**The task:**
Going through the material below, output exactly the lines from the one containing "A leaky bucket" through the one containing "bead.stl Download free", and no pictures.

**Material shown:**
□ □ □ □ □

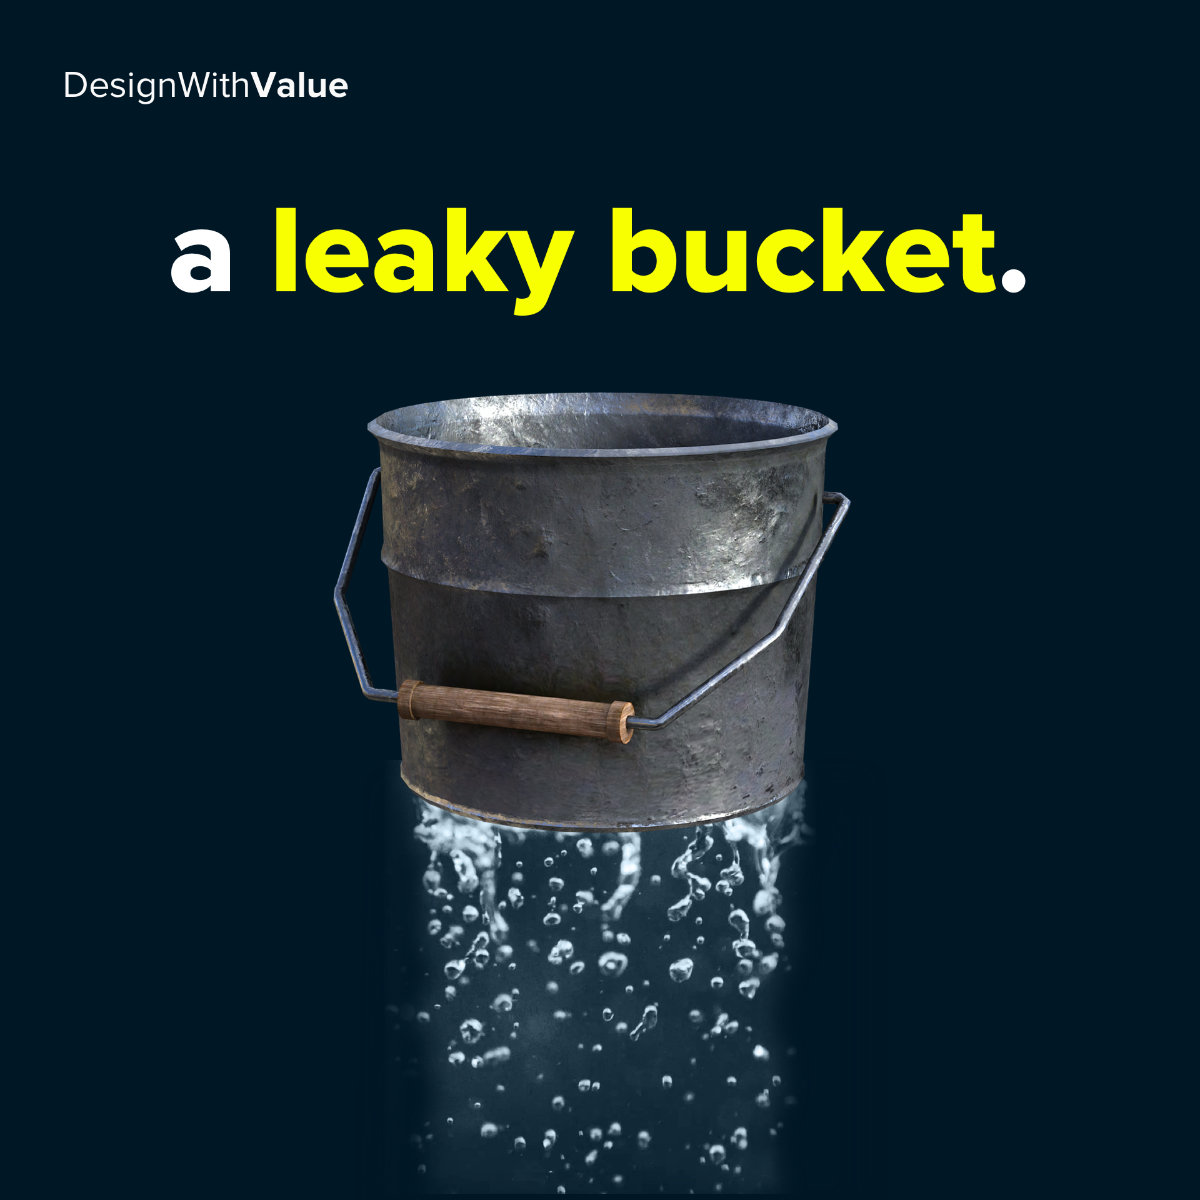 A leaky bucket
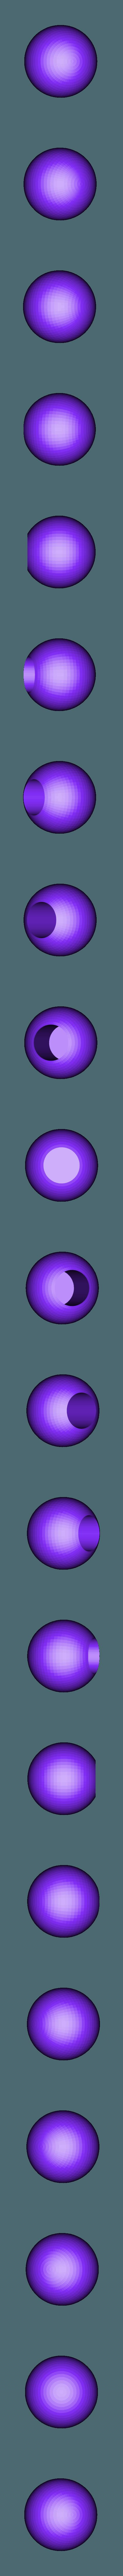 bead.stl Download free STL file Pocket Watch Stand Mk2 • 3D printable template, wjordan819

□ □ □ □ □

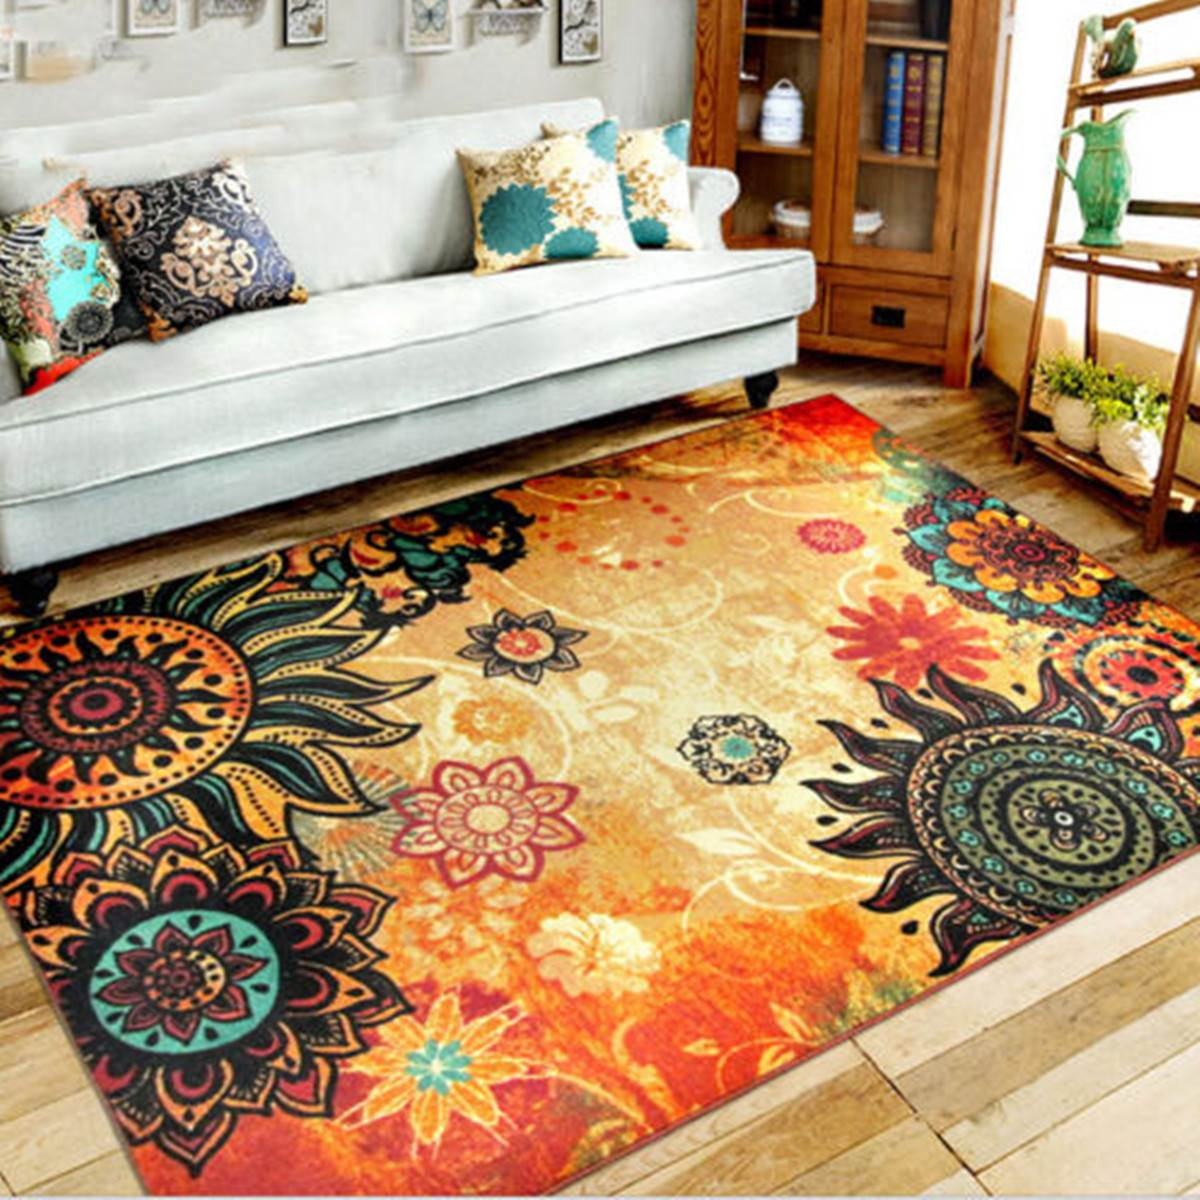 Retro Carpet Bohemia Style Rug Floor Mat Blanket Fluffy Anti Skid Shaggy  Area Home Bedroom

□ □ □ □ □

**Result of this exercise:**
 A leaky bucket
 bead.stl Download free STL file Pocket Watch Stand Mk2 • 3D printable template, wjordan819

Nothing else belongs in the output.